The main operation process of ADE Provisioning is as follows. First, when a user logs into the ADE Provisioning portal, a sandbox is allocated based on Openstack [31] and Kubernetes [32] so that the user can run the development environment on SODAS through authentication. Next, the user directly develops the required algorithm by running Theia or Notebook environment in the assigned virtual sandbox environment. When the development is completed, the user can create and distribute API documents according to the OpenAPI specification standard. Finally, the published algorithms can be checked on Open Data Portal, and other users can purchase and run the published algorithms on the portal to analyze their own data.

The cloud development environment and service provision blocks of ADE Provisioning are new features proposed by SODAS, and we designed both blocks based on the latest open-source frameworks that are actively used. The first block, the cloud development environment, supports user-specific sandbox analysis and development environments through APIs, Notebook, and workflow development tools. It also includes supplementary functions such as Openstack and Kubernetes-based sandbox configuration and resource allocation/management for stable development environment operation. The second block, service provision, provides publication and registration of algorithms and services developed through ADE Provisioning.

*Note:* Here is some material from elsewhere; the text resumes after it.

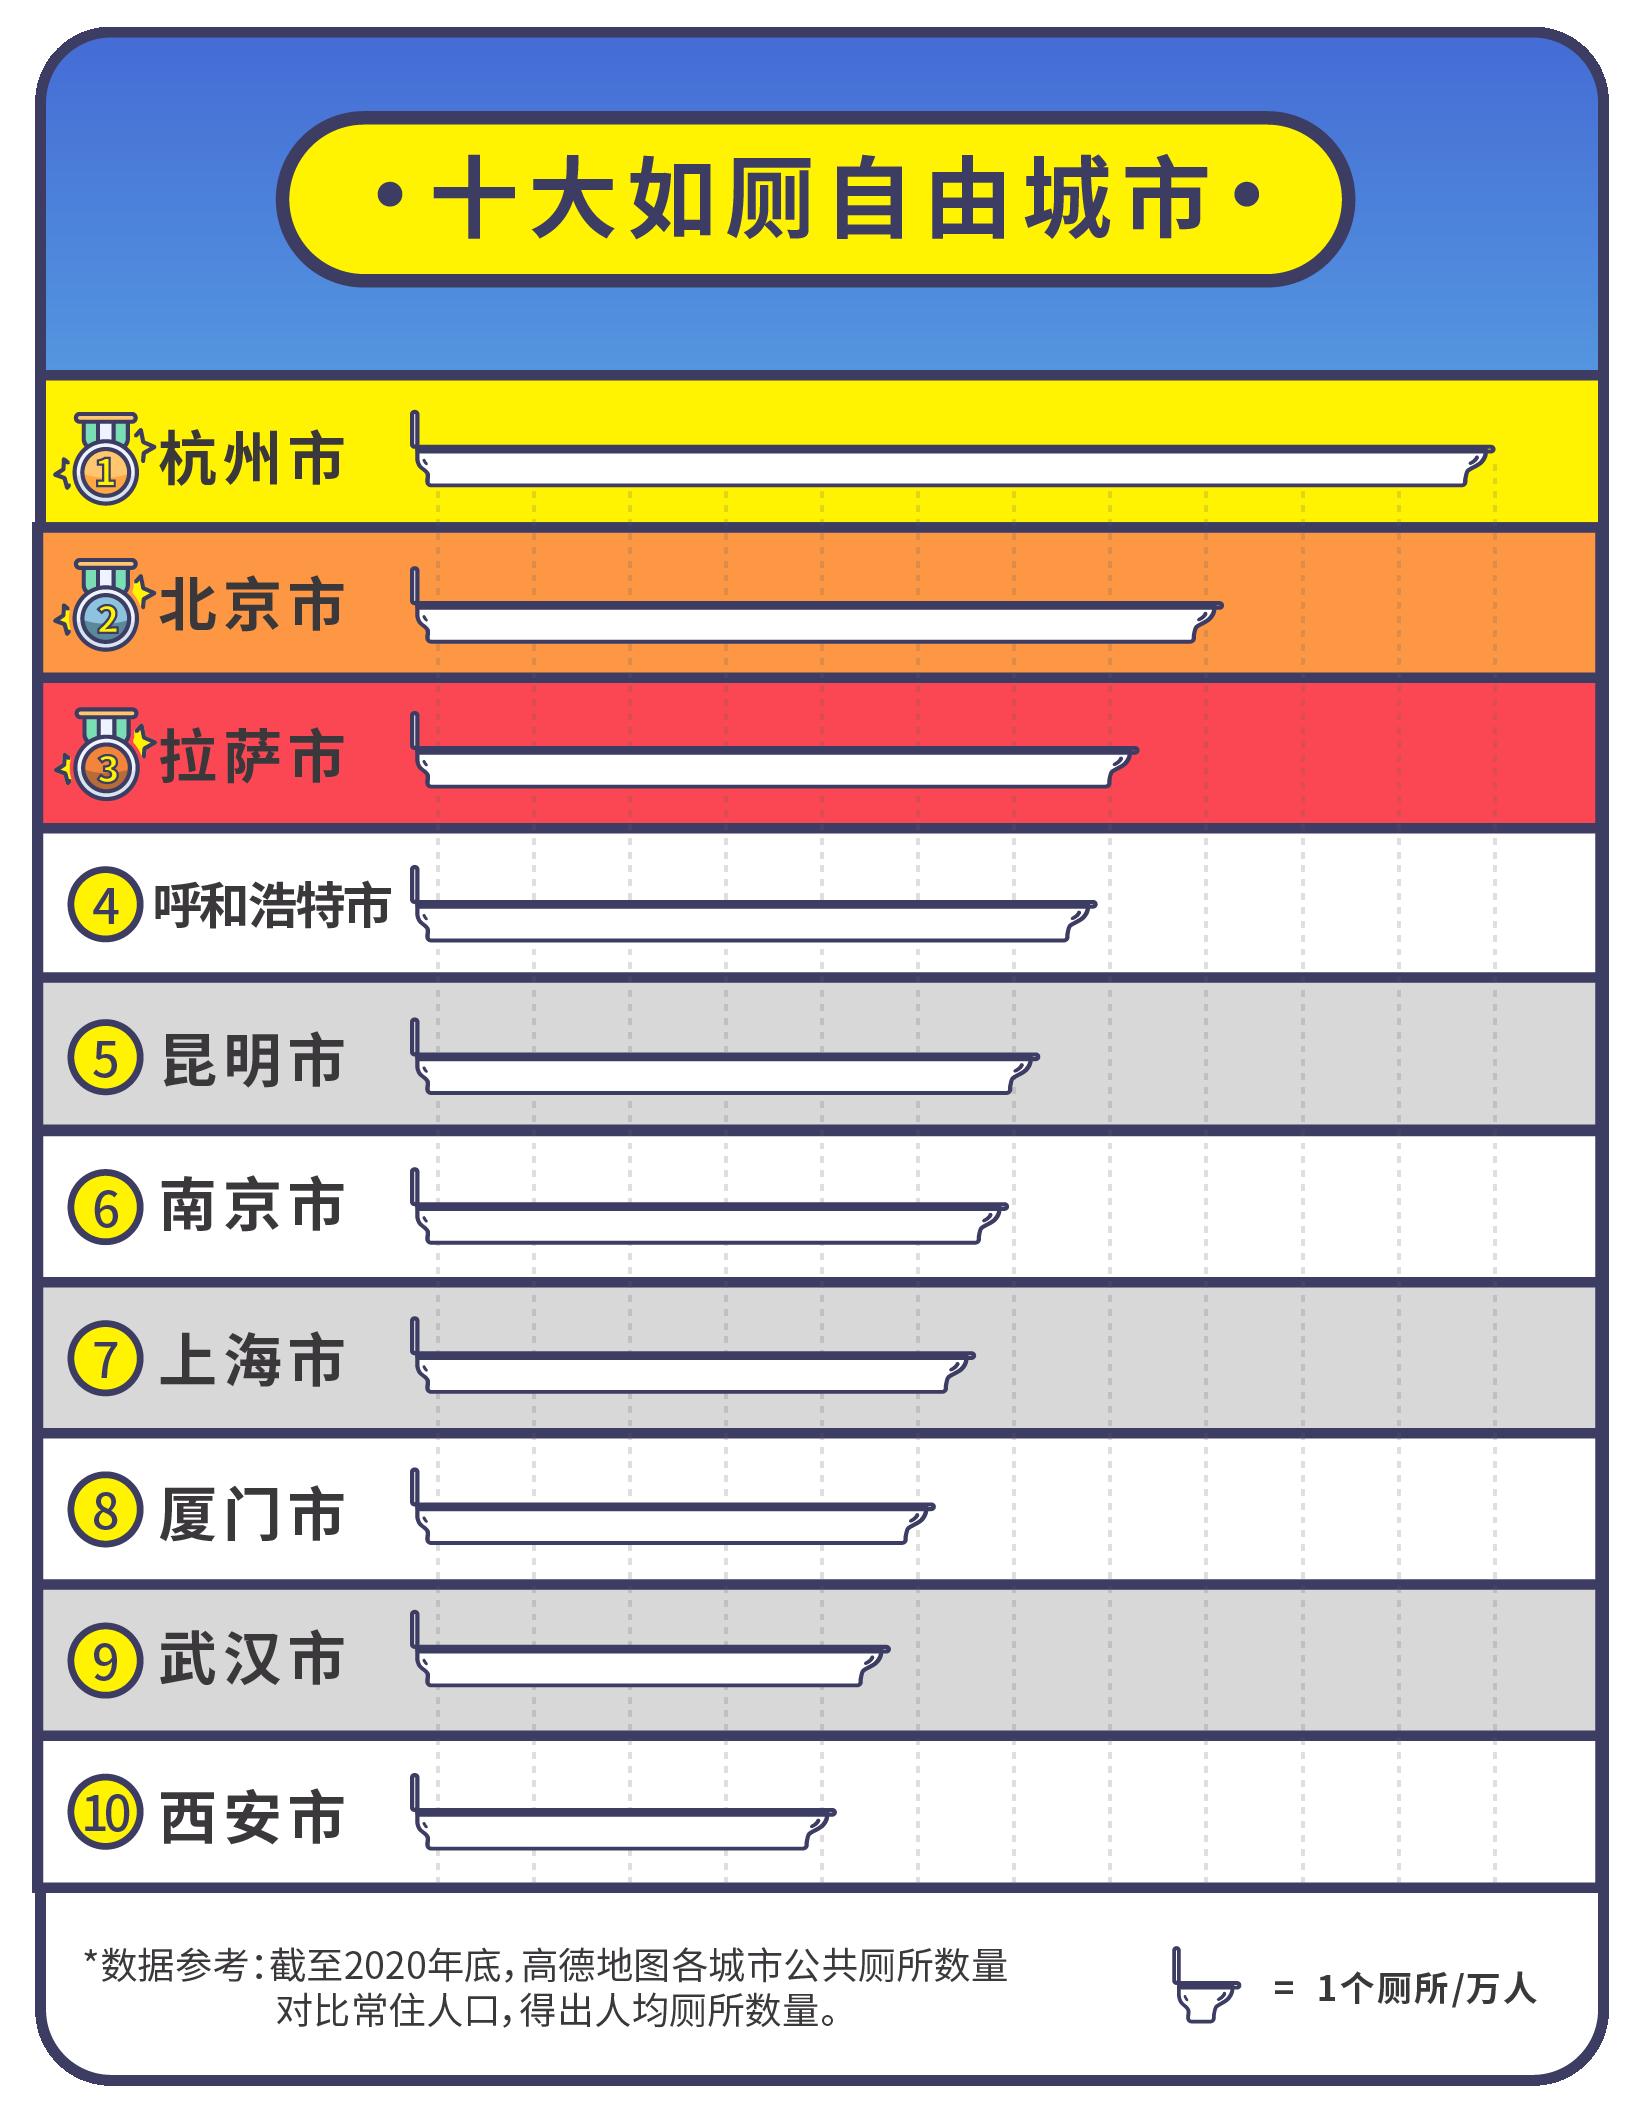 高德地图《2021中国公共厕所图鉴》:深圳十大厕王出炉
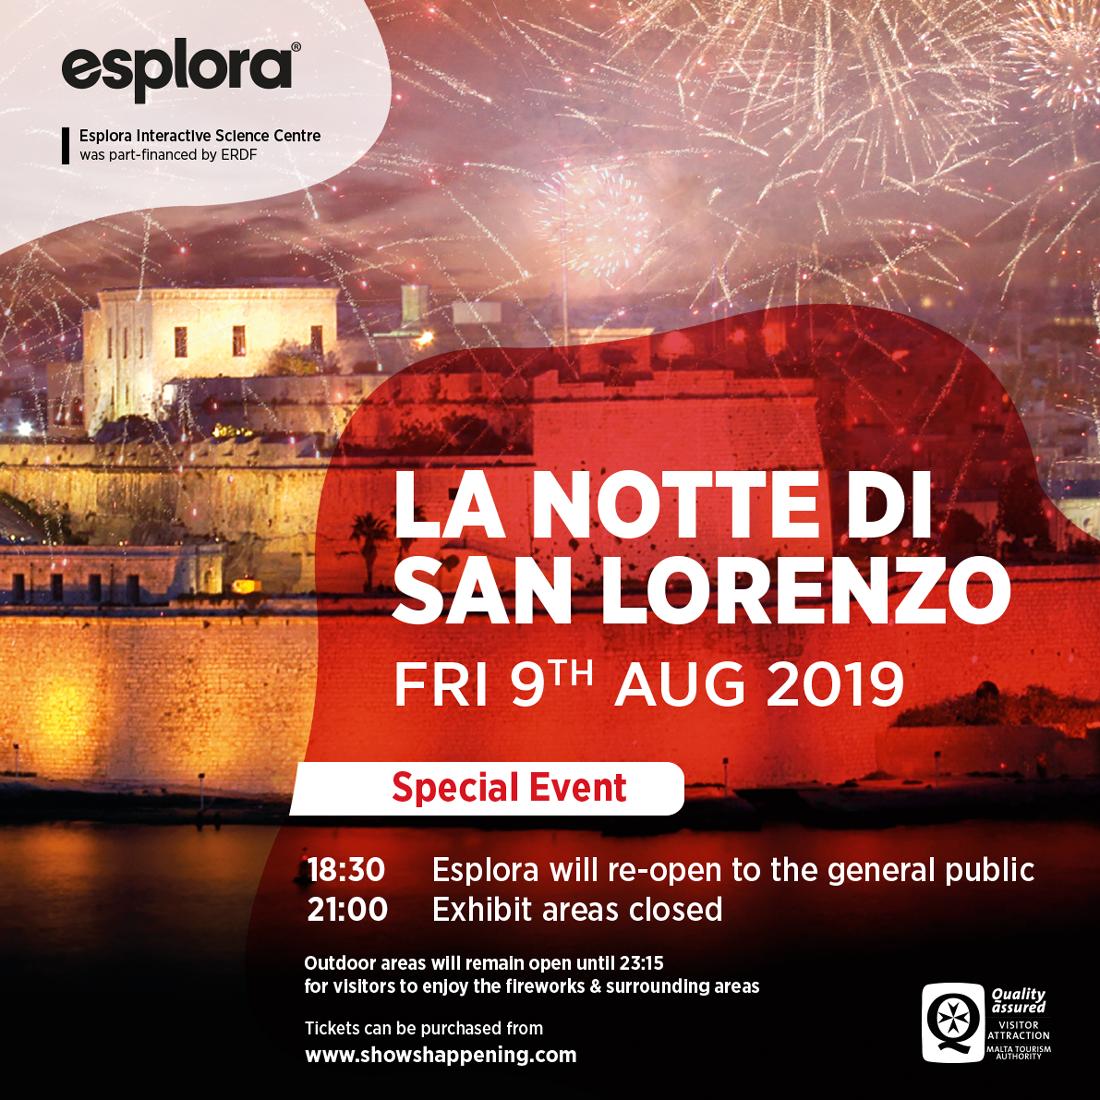 Notte di San Lorenzo flyer

Using this block, we can register the developed algorithms in the Category and Service menu of the Open Data Portal, and provide more accurate search algorithms and visualizations of the relationship between search results.

5. System Implementation and Substantiation

5.1. Results of SODAS Platform Development

In this section, we show the actual results of implementing the four components of SODAS. Because we derive SODAS components from different goals and functions, the implementation environment is very complex. Table 4 summarizes the core open-source framework used for the component implementation. SODAS integrates each function implemented with these open sources into Node.js, and we can see the result through the actual Web UI. We release some of the development results as CKAN extension (Resource Authorizer (resourceauthorizer), Keycloak Authenticator (keycloak), HDFS Storage Manager (hdfs), TripleStore Storage Manager (jena) accessed on 26 January 2023 (http://extensions.ckan.org/extension/[short-name]/)). Furthermore, readers can see the actual demonstration video of SODAS on our github (https://github.com/sodas-etri/demo/tree/master/videos, accessed on 26 January 2023). In this section, we validate the effectiveness of SODAS through the implementation results of each component and its actual applications.

Open Data Portal is the main service of SODAS, and it connects with Open Data Reference Model, DataMap Publisher, and ADE Provisioning through the link menu. Figure 11 shows the main screen of the SODAS data portal. As shown in the figure, the main screen is composed of ⓐ data/service resources search and board menu, ⓑ components connection link, ⓒ resource statistics information, and ⓓ map-based resource metadata visualization.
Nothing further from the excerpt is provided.